Would you return the lines between the one holding "FULL VIDEO: Kylie Jenner & Tyga S." and the one holding "Фото невесты, сидя", inclusive, and only those, exactly as they stand in the listing below?

Segment Start: Information supplied

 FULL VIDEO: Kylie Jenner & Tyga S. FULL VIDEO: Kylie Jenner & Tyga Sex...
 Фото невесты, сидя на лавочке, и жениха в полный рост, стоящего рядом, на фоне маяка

Segment End: Information supplied
Segment Start: Information supplied

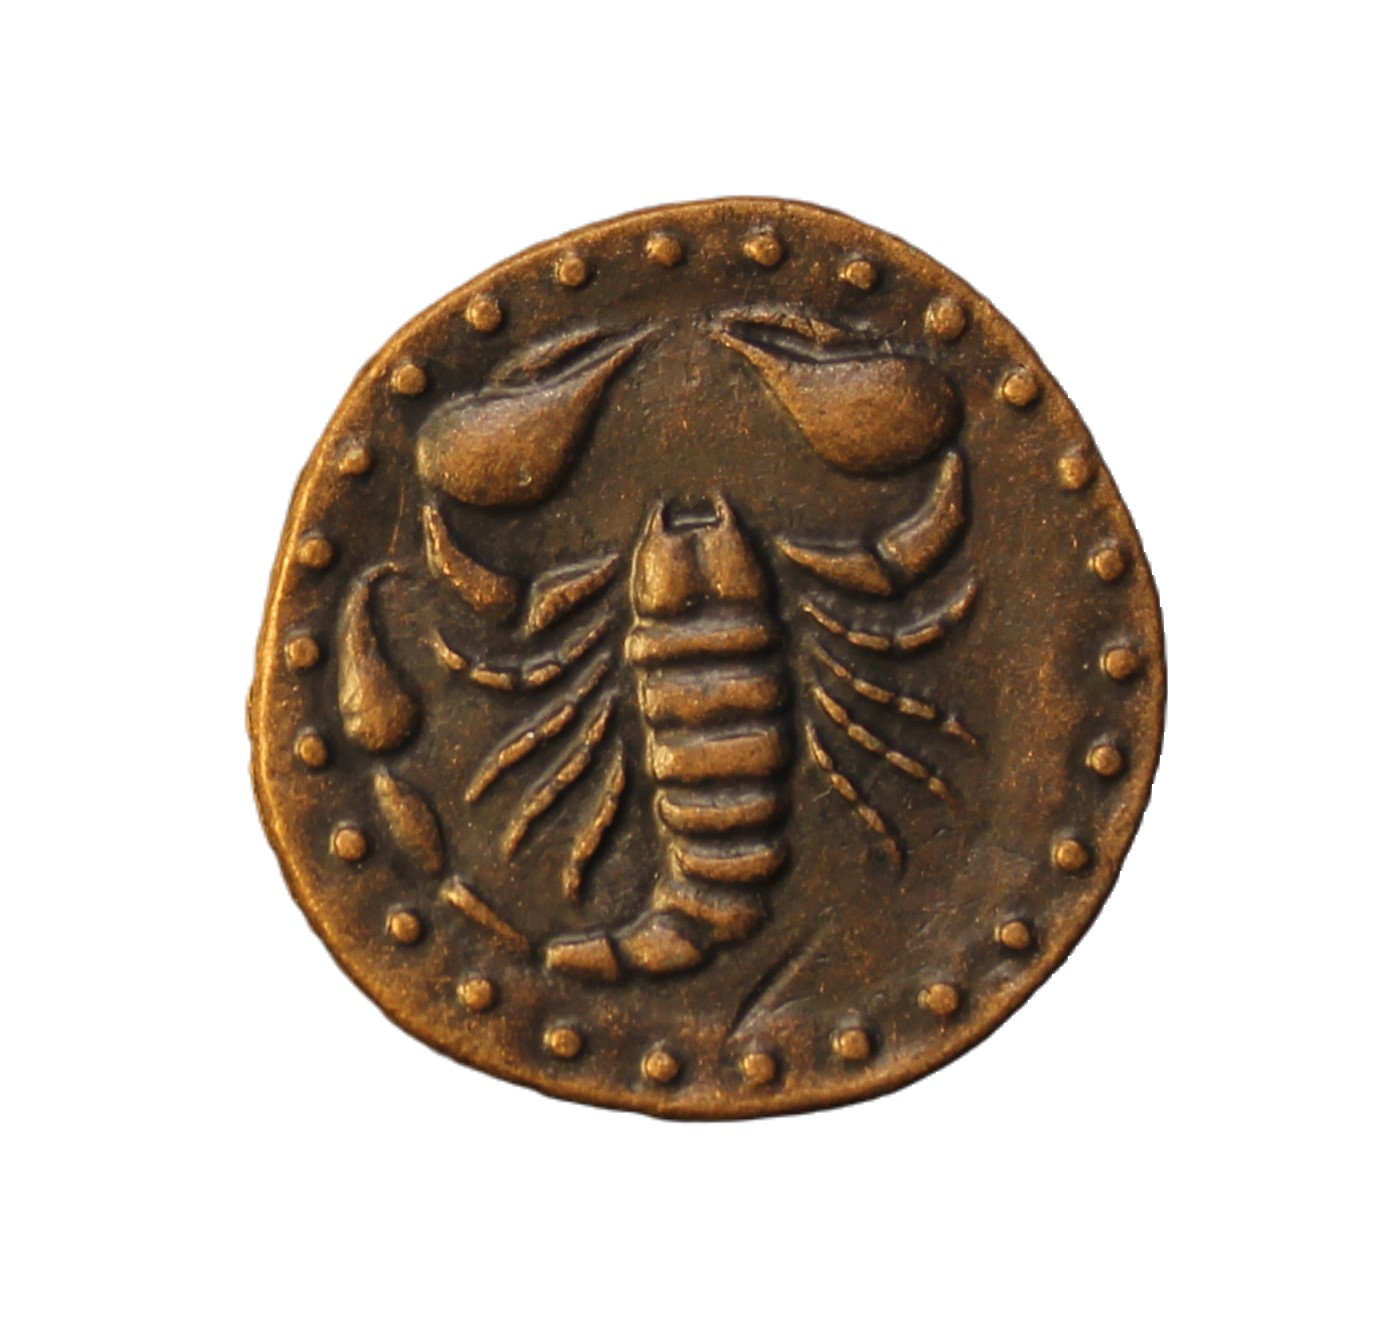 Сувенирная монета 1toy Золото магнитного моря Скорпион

Segment End: Information supplied

§ Result for this exercise
 FULL VIDEO: Kylie Jenner & Tyga S. FULL VIDEO: Kylie Jenner & Tyga Sex...
 Фото невесты, сидя на лавочке, и жениха в полный рост, стоящего рядом, на фоне маяка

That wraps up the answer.